Meta-Llama-3-70B is a 70 billion parameter instruction-tuned generative text model developed by Meta, designed for dialogue and general natural language generation tasks. It is built on an optimized transformer architecture and incorporates supervised fine-tuning (SFT) and reinforcement learning with human feedback (RLHF) to align with human preferences for helpfulness and safety.
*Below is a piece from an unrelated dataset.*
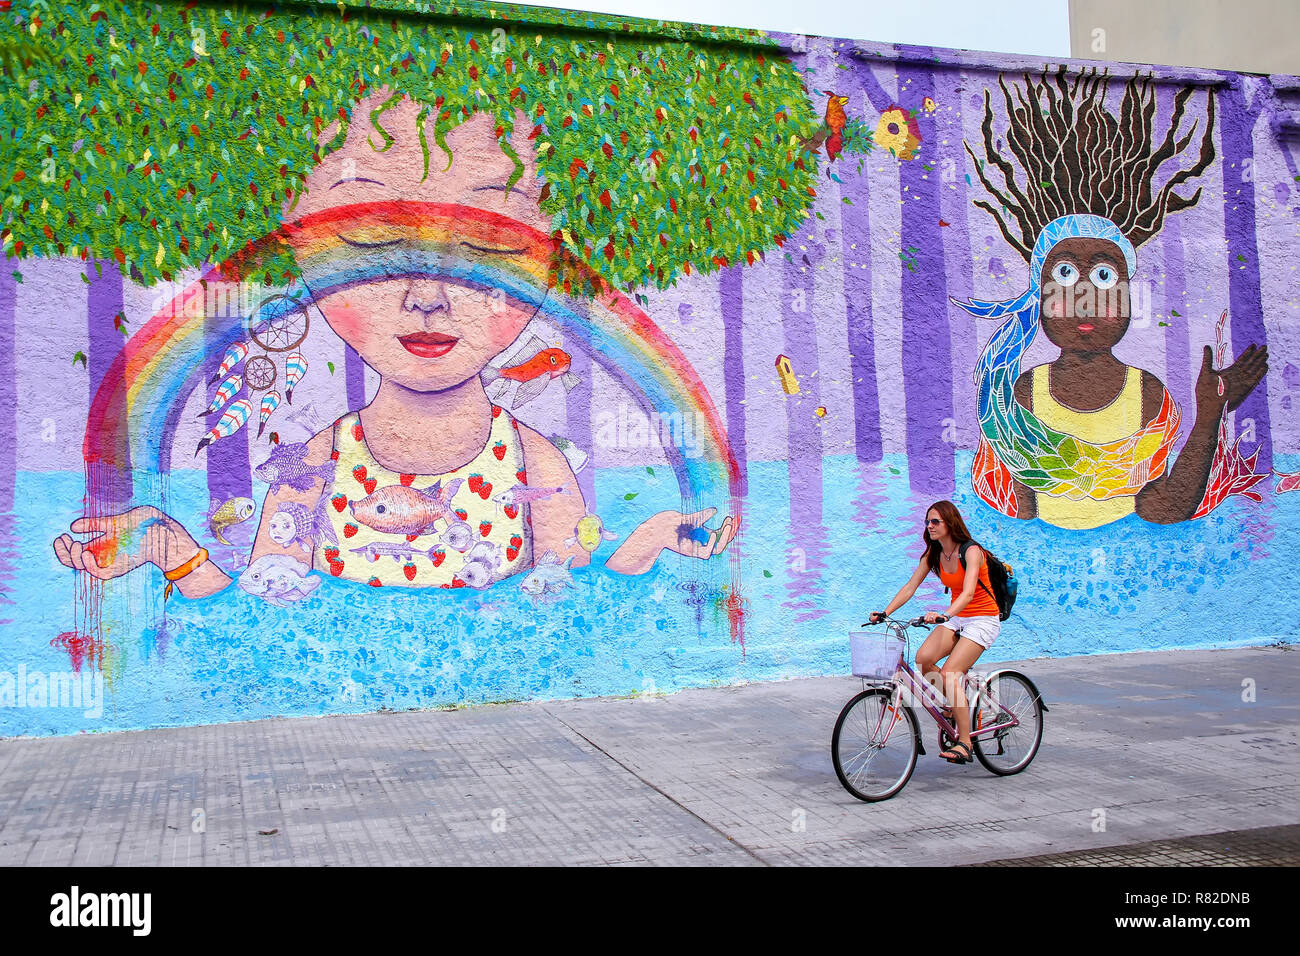 Jeune femme cycliste le long mur coloré à Montevideo, Uruguay. Montevideo est la capitale et la plus grande ville de l'Uruguay. Banque D'Images

The model was pretrained on over 15 trillion tokens of publicly available online data, with a knowledge cutoff of December 2023.

Key Capabilities

  • High Performance: Outperforms many other open-source chat models on common industry benchmarks, including MMLU (82.0), HumanEval (81.7), and GSM-8K (93.0).
  • Optimized for Dialogue: Specifically instruction-tuned for assistant-like chat applications.
  • Robust Safety Features: Developed with extensive red teaming, adversarial evaluations, and safety mitigation techniques, resulting in significantly fewer false refusals compared to Llama 2.
  • Efficient Architecture: Utilizes Grouped-Query Attention (GQA) for improved inference scalability.

Good for

  • Commercial and research use in English.
  • Developing assistant-like chat applications.
  • Natural language generation tasks requiring high accuracy and helpfulness.
  • Applications where strong benchmark performance and reduced false refusals are critical.